**Work order**
Would you return the data below exactly as it stands, with every picture left out?

**Dataset excerpt**
-*-*-

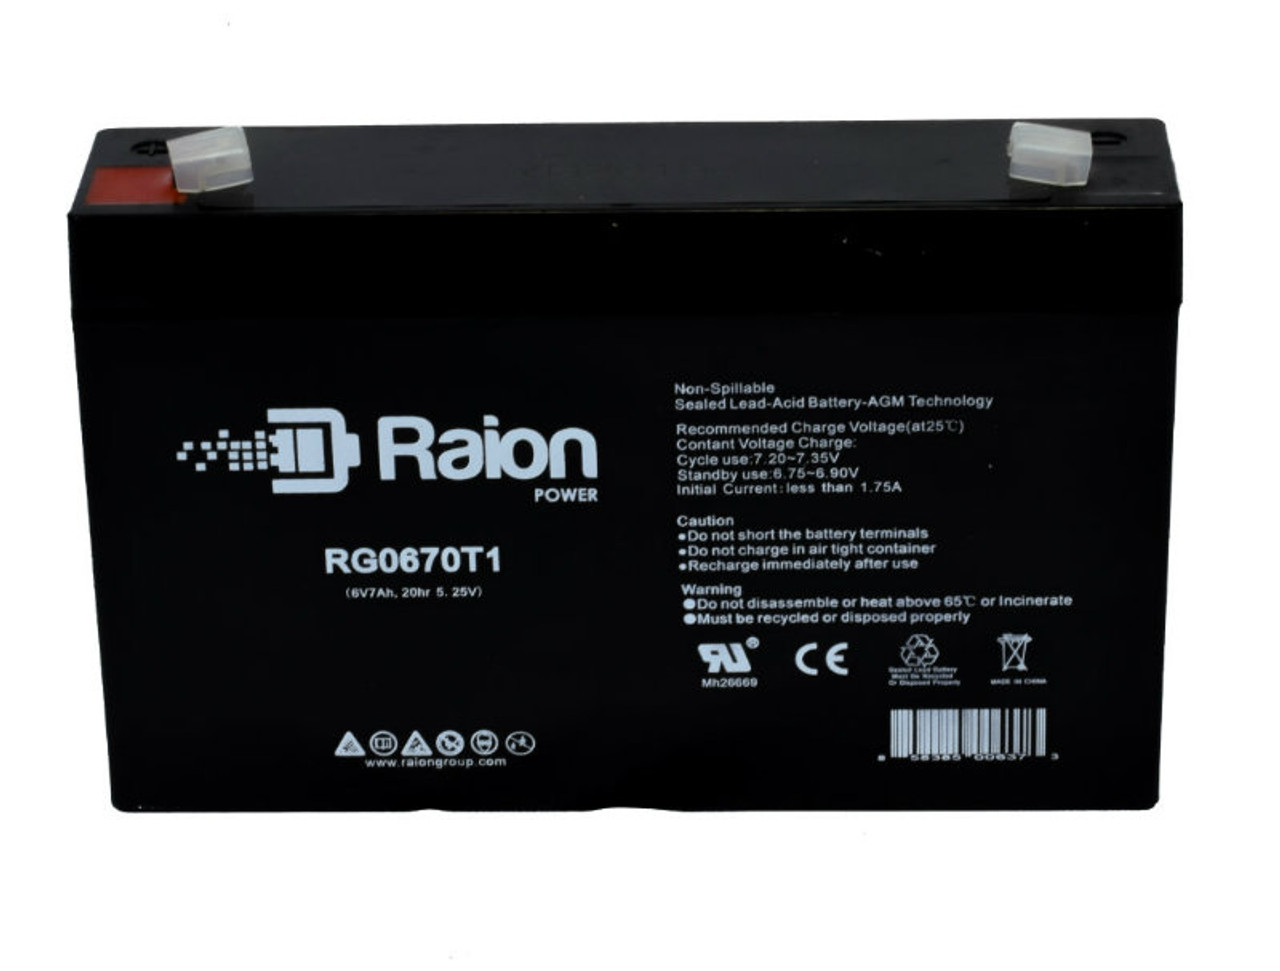 Raion Power RG0670T1 Replacement Battery Cartridge for Costzon 6V Ride on Car, Kids Battery Powered Electric Vehicle
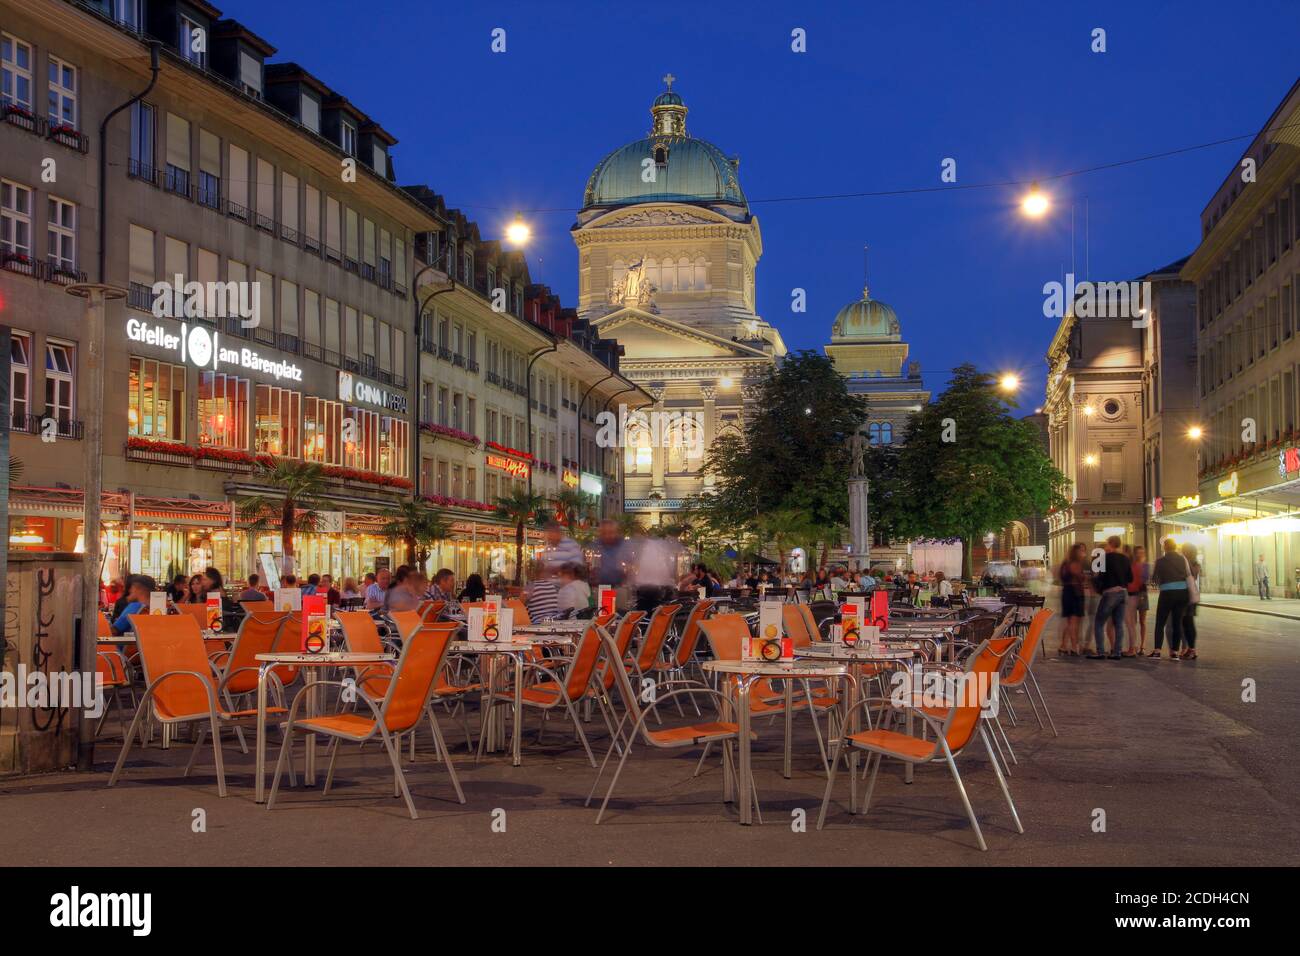 BERN, SWITZERLAND - JUNE 23: Barenplatz, with the Swiss Parliament Building looming over the square in Bern, Switzerland on June 23, 2012. Barenplatz Stock Photo
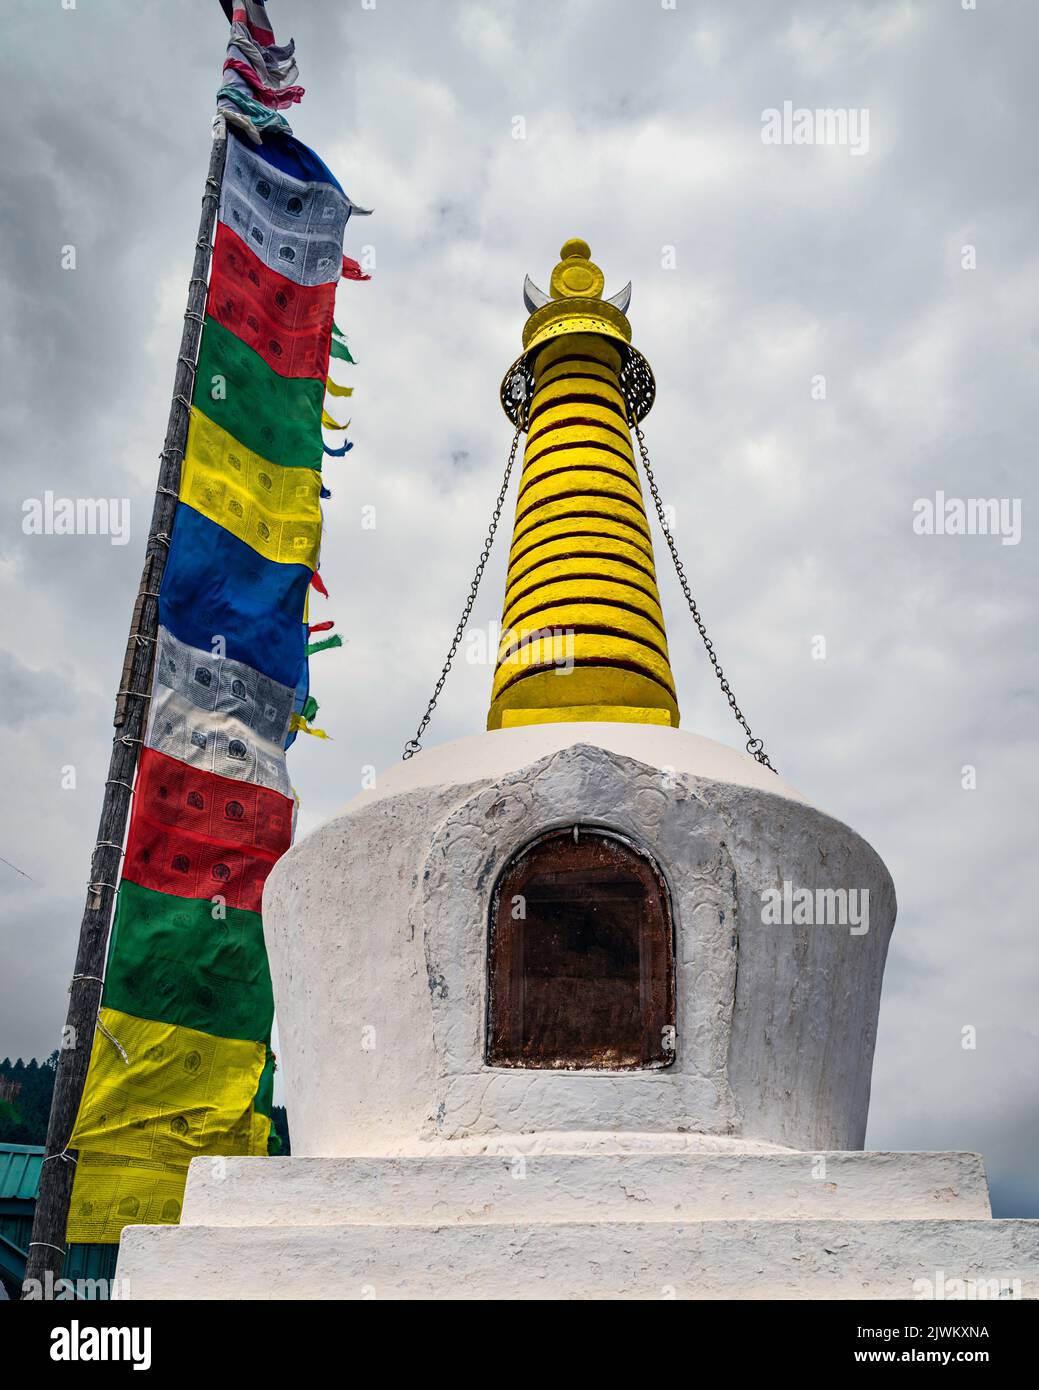 Colorful Buddist stupa flanked by multi-colorded prayer flags attached to wooden pole all under clouded sky outdoors in Kalpa, India. Stock Photo

-*-*-

**Task solution**
 Raion Power RG0670T1 Replacement Battery Cartridge for Costzon 6V Ride on Car, Kids Battery Powered Electric Vehicle
 BERN, SWITZERLAND - JUNE 23: Barenplatz, with the Swiss Parliament Building looming over the square in Bern, Switzerland on June 23, 2012. Barenplatz Stock Photo
 Colorful Buddist stupa flanked by multi-colorded prayer flags attached to wooden pole all under clouded sky outdoors in Kalpa, India. Stock Photo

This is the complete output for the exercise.